2224 cases, 69 jits, 136 coordination meetings, 6 action days

Transnational criminal networks have one thing in common: money. Organised criminal activity is profit-driven, and all crime groups need resources to finance their activities. This is where money laundering comes into play. The introduction of illegally obtained assets into the legal financial and economic cycle aims to provide criminals with explainable and seemingly legal resources that make it increasingly difficult to be traced back to their true source.

Effective prosecution of money laundering including the recovery of illegally obtained assets contributes significantly to a successful fight against organised crime. As profits are taken away from perpetrators, crime becomes less attractive. At the same time, decisive action against money laundering prevents assets from being used to commit further criminal offenses.

Stages of money laundering

Money laundering is not a single act, but rather a process that can be divided into three stages.

  1. Placement stage: the proceeds of crime are, for the first time, introduced into the legal financial system, often broken up into smaller amounts. The risk of being discovered is particularly high in this phase.
  2. Layering stage: financial transactions take place, which are often complex and involving banks and/or companies in multiple countries. The main objective of this phase is to separate the illegally acquired funds from their source, thereby obscuring the paper trail and severing any connection to the original crime. Through mostly international transactions, the funds are moved around between several actors in order not to be discovered. For this purpose, loopholes in the legal provisions of the respective countries may be used.
  3. Integration stage: the money comes back to the criminal from a seemingly legal source. The aim is to reunite the money with the criminal without attracting attention, while giving the money the appearance of legal origin. This money is subsequently reinvested in the legal economic cycle, for example through real estate, luxury goods or business ventures.

Corruption

354 cases, 8 jits, 13 coordination meetings

Corruption undermines the functioning of the state and public authorities at all levels and is a key enabler of organised crime.

Environmental crime

69 cases, 4 jits, 6 coordination meetings, 1 action day

Environmental crime is the fourth-largest criminal activity in the world, growing at a rate of between 5% and 7% per year, according to an Interpol and UN Environment Programme estimate.

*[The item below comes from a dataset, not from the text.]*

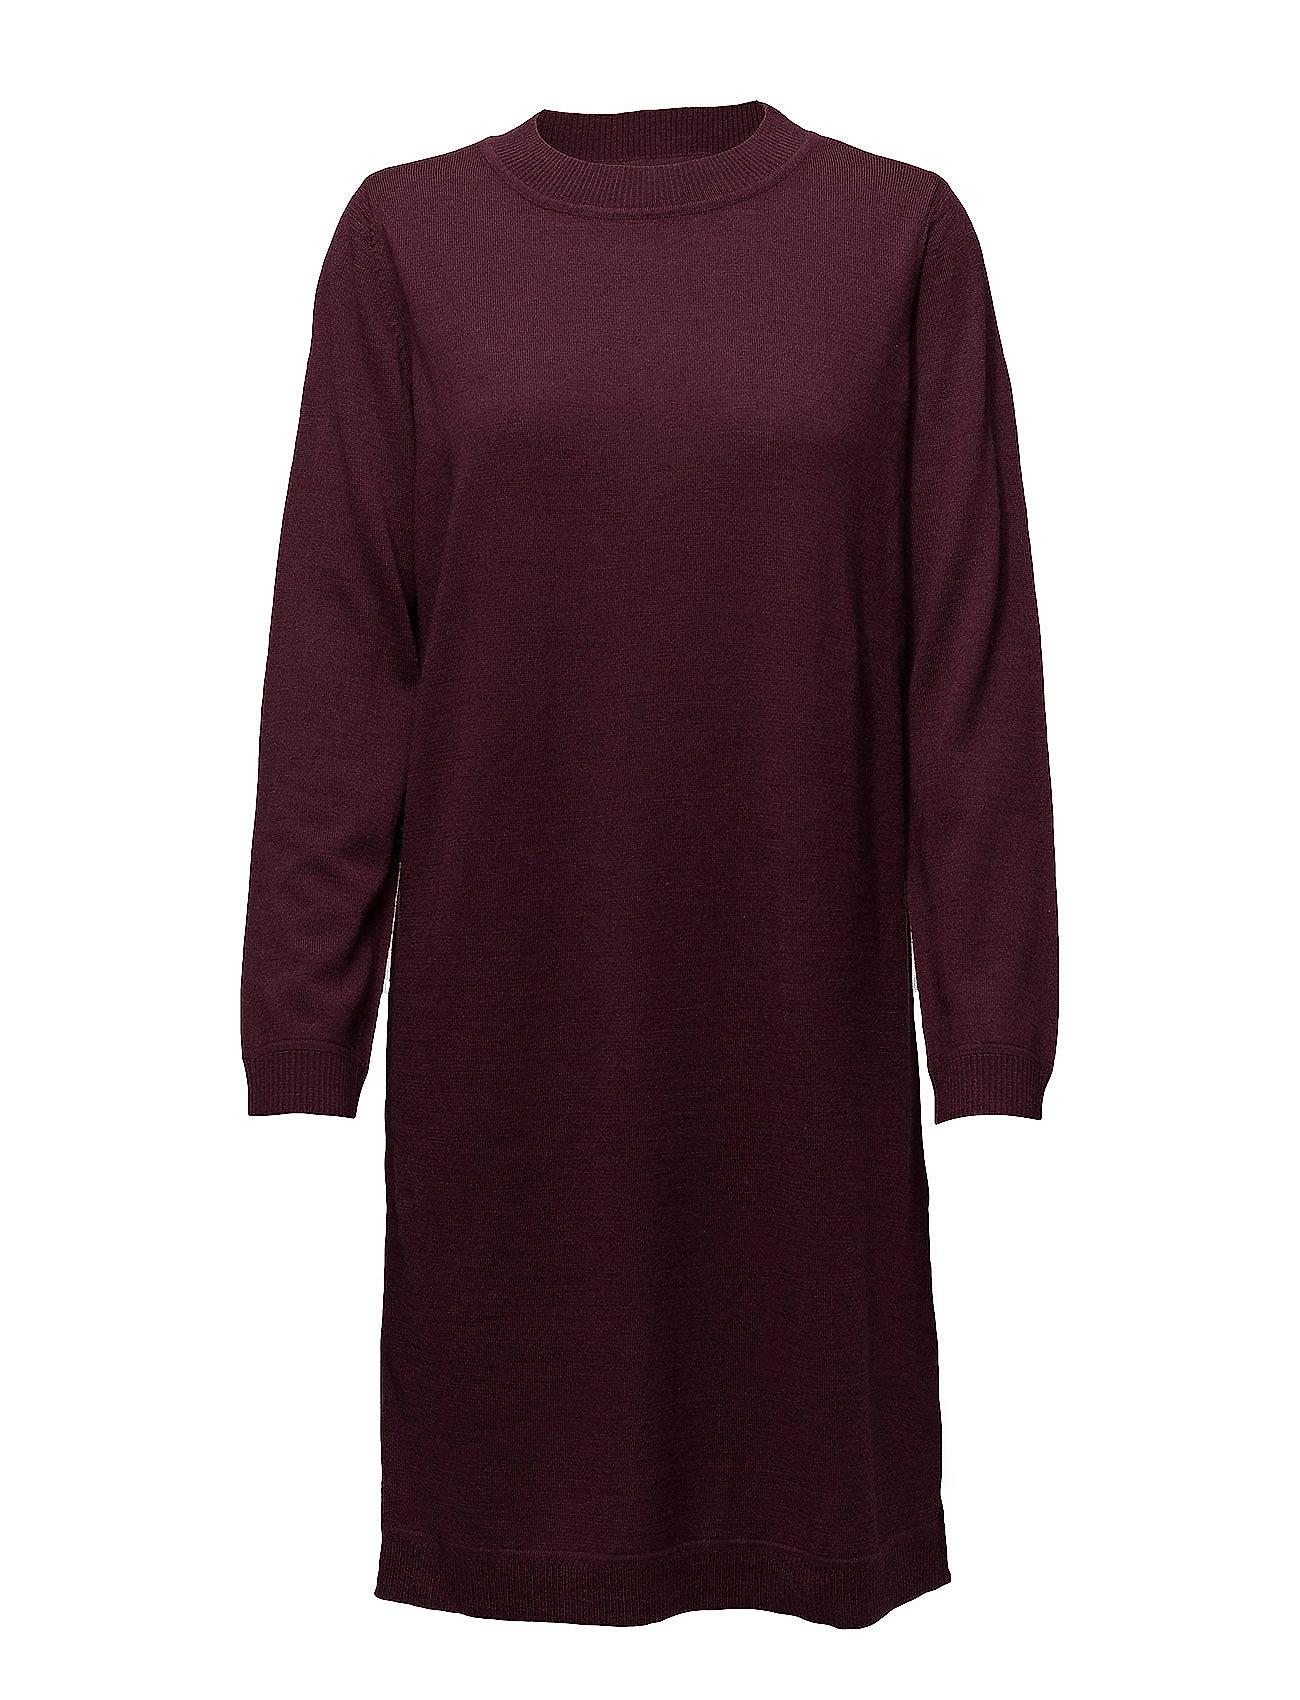 Sfeileen Ls Knit O-Neck Dress Selected Femme Dresses thumbnail
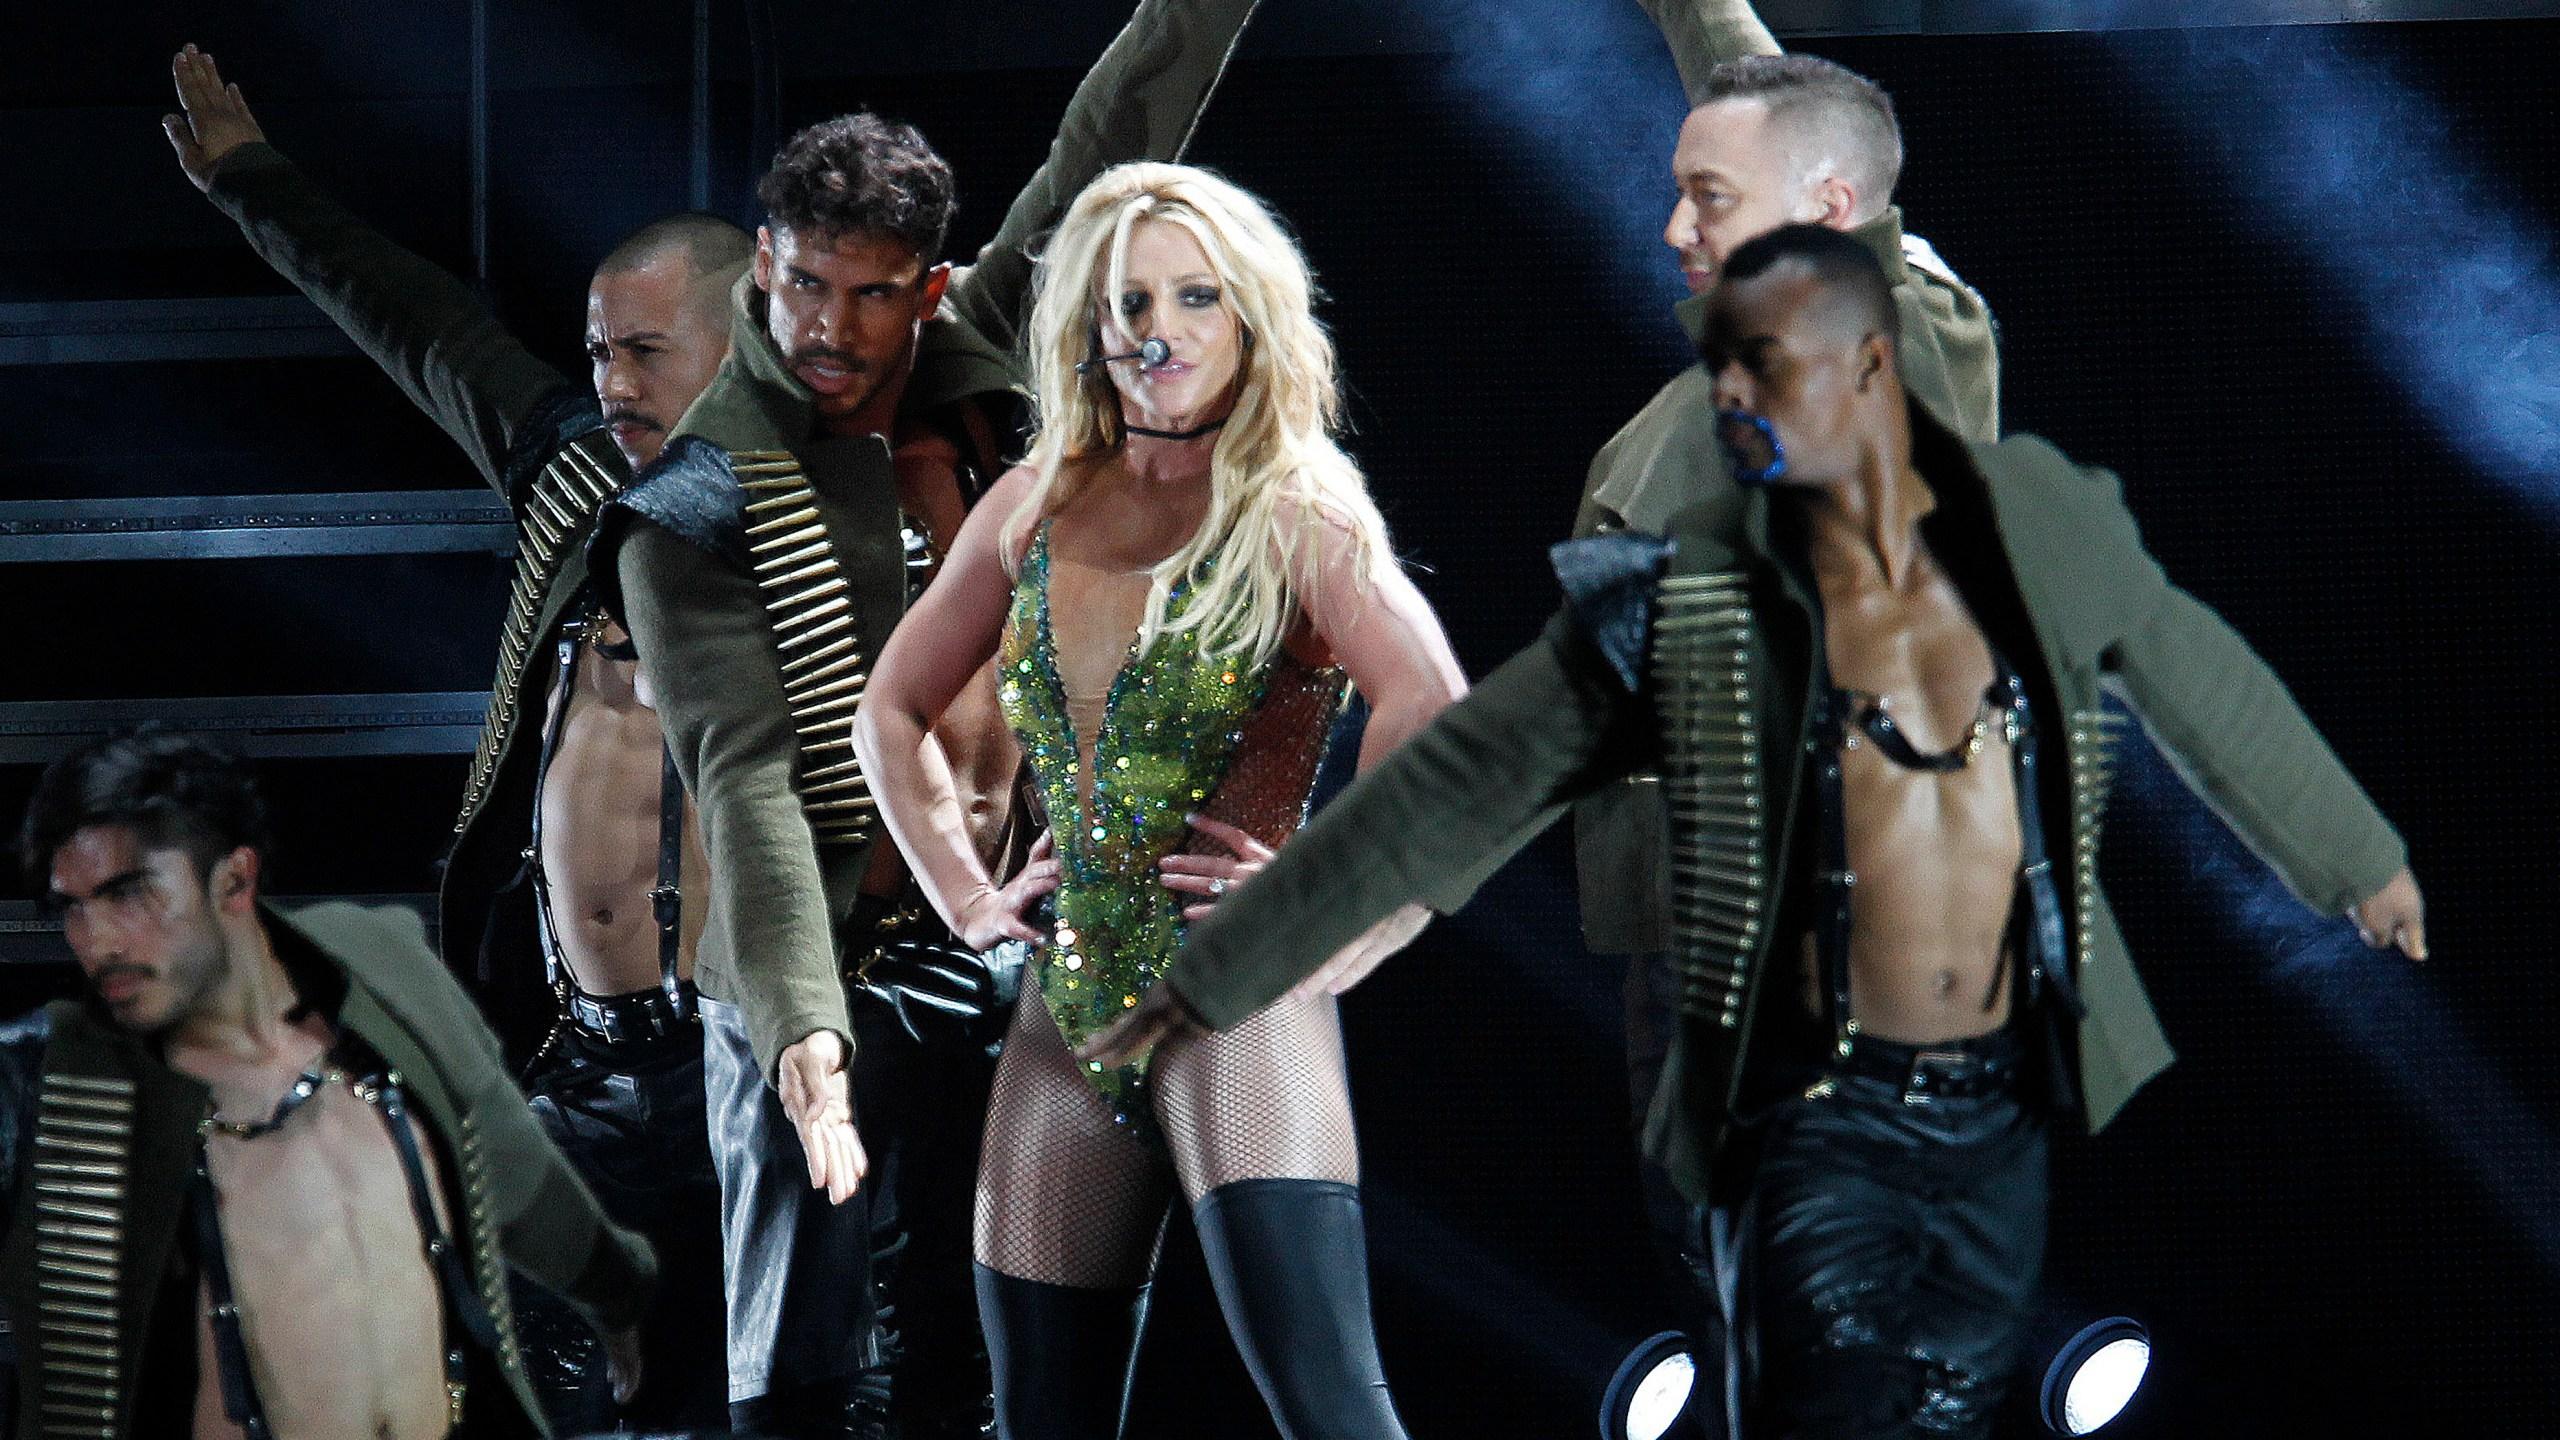 Music-Britney_Spears_63195-159532.jpg70409361

This increase, combined with the organised, transnational nature of environmental crime, requires administrative, law enforcement and judicial authorities to adopt a coordinated approach at national and international level.

A new casework report on environmental crime, prepared during 2020 and published in January 2021, showed that early Eurojust involvement allows for effective international cooperation, coordination from the start of investigations, the effective exchange of information and the development of common strategies.

Intellectual property crime

54 cases, 2 jits, 4 coordination meetings

Eurojust supports national judicial authorities in dealing with infringements of intellectual property rights, which are often related to other crime types such as tax fraud, cybercrime, crimes against human health or trafficking in substandard products.

Eurojust supported a growing number of large cases tackling this form of crime in 2020, notably several large-scale operations tackling illegal online streaming services and pirate-copied movies and TV series, including Operation Sundance, initiated by the Liaison Prosecutor of the USA. Another major coordinated action concerned ‘K boxes’ used for illegal audiovisual streaming services in more than 20.000 households and was initiated at the request of the Liaison Prosecutor of Switzerland.

In 2021, Eurojust and the European Union Intellectual Property Office (EUIPO) established the Intellectual Property Crime Project (IPC Project), aimed at boosting cooperation and ensuring a more coherent and robust response against IP infringements across the EU.